1.The judge erred in finding beyond reasonable doubt that the applicant knew the likely consequences of taking methylamphetamine and in ruling that this amounted to an aggravating feature of the offending.

2.The judge erred in her application of the applicable Verdins[1] principles, and in particular by:

(a)failing to find that the applicant’s moral culpability was reduced by virtue of his intellectual disability (principle 1);  and

(b)failing to find that a sentence of imprisonment would weigh more heavily on the applicant than it would on a person in normal health (principle 5).

[1]R v Verdins (2007) 16 VR 269 (’Verdins’).

Circumstances of the offending

  1. The applicant and the complainant were in a relationship for about three months.  The applicant moved into the complainant’s home in June 2013. 

  1. On 6 September 2013, the applicant repeatedly punched the complainant to the head and pushed her head into a wall.  He then dragged her outside and locked the door for about two minutes before the complainant crawled inside and went to bed.   While in bed the applicant repeatedly punched the complainant’s arms. 

  1. On 7 September 2013, the applicant punched the complainant.

  1. On 9 September 2013, the applicant became angry after the complainant asked him where her mobile phone was.  The applicant punched her right cheek and then punched her face at least four times.  The complainant fell to the ground and the applicant then repeatedly kicked her to the stomach and head.  The applicant dragged the complainant along the hallway to the bedroom where he hit her to the face.  The complainant got into bed and the applicant punched her to the face.  The complainant’s mouth began to bleed.

  1. On 10 September 2013, the applicant punched the complainant multiple times to the face.  He pushed her off the bed and hit her.  The complainant repeatedly asked the applicant to stop.  The applicant told her to shut up.  The assaults committed on the complainant on 6, 7, 9 and 10 September 2013 constituted charge 1, a rolled-up charge.  In pushing the complainant’s head into a wall on 6 September 2013, the applicant caused damage to the plasterboard.  Those acts constituted charge 2.

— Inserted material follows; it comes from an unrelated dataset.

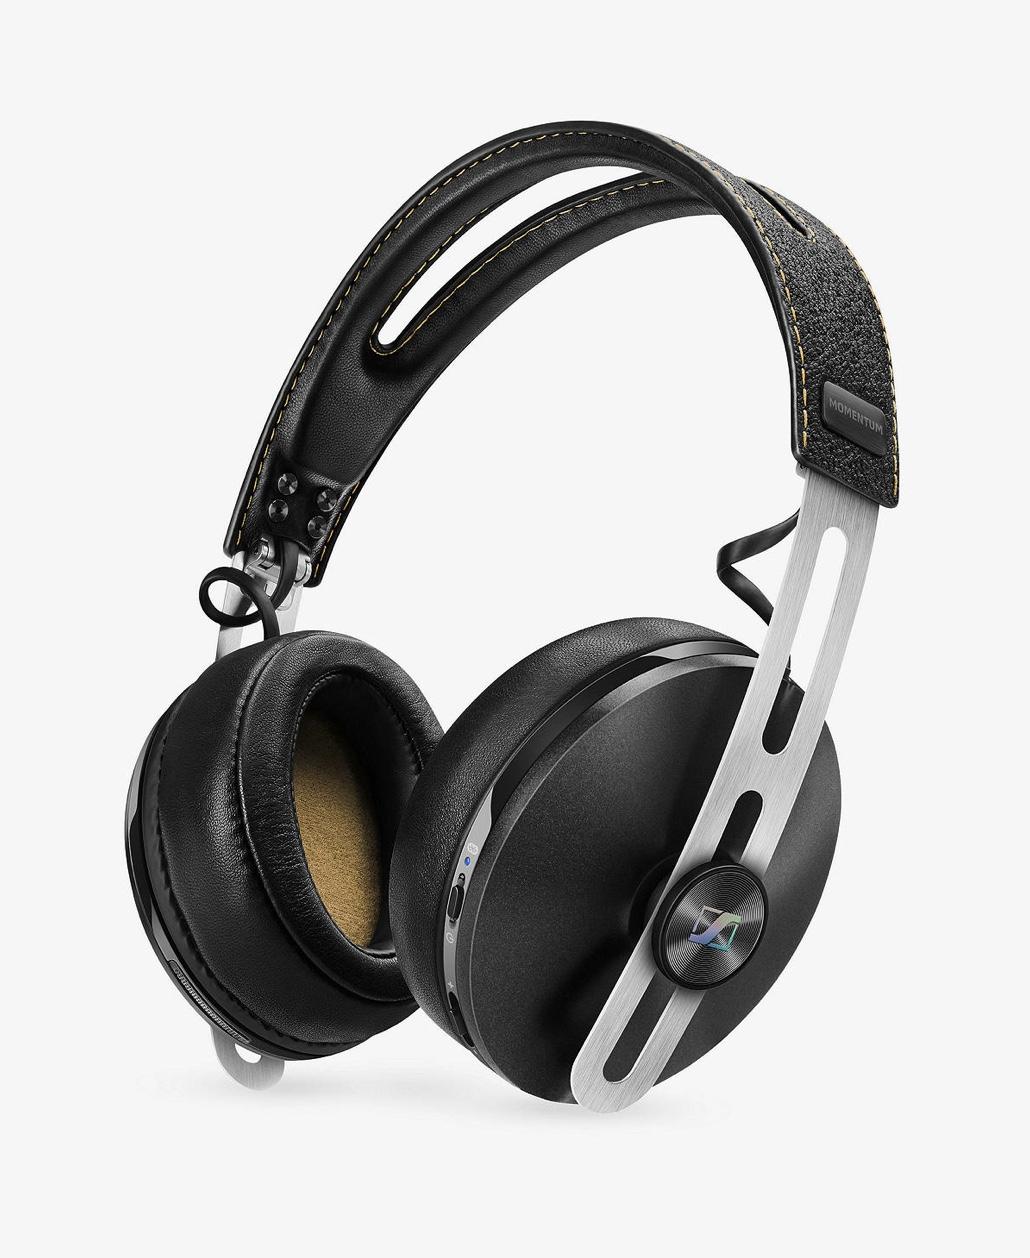 Sennheiser Momentum 2.0 Over-Ear Wireless Headphones - Black £119.99 @ Amazon

  1. Police were called to the complainant’s home.  The police knocked on the door and identified themselves.  The applicant covered the complainant’s mouth and told her to shut up.  About 15 minutes later, police knocked on the front door again.  The applicant answered the door, the police entered the house and found the complainant in a bedroom.

  1. As a result of these incidents, the complainant sustained the following injuries:

(a)       swelling and bruising to her face, including right cheek and jaw;

(b)      bruising to both eyes;

(c)       bruising over her left temple;

(d)      bruising over the right side of her face and neck;

(e)       tenderness to the muscles on the front sides of the neck;

(f)       bruising over the top of the chest;

(g)      bruises on the abdomen next to the right hip bone;

(h)      bruising to both arms and shoulders;

(i)       bruising to both legs;  and

(j)        bruising to the right hand near the thumb.

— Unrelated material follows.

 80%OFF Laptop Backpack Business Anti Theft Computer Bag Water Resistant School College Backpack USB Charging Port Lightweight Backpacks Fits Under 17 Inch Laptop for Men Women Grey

The applicant’s knowledge of the consequences of taking methylamphetamine (ground 1)

  1. At the time of his offending, the applicant was affected by methylamphetamine.  While the judge’s reasons for sentence[2] do not expressly state that the judge regarded this as an aggravating feature of the offending, we are prepared to accept from the transcript of the plea hearing and the Reasons that her Honour did approach the issue in this way.  Indeed, the Crown’s response to the applicant’s written case proceeds on this basis.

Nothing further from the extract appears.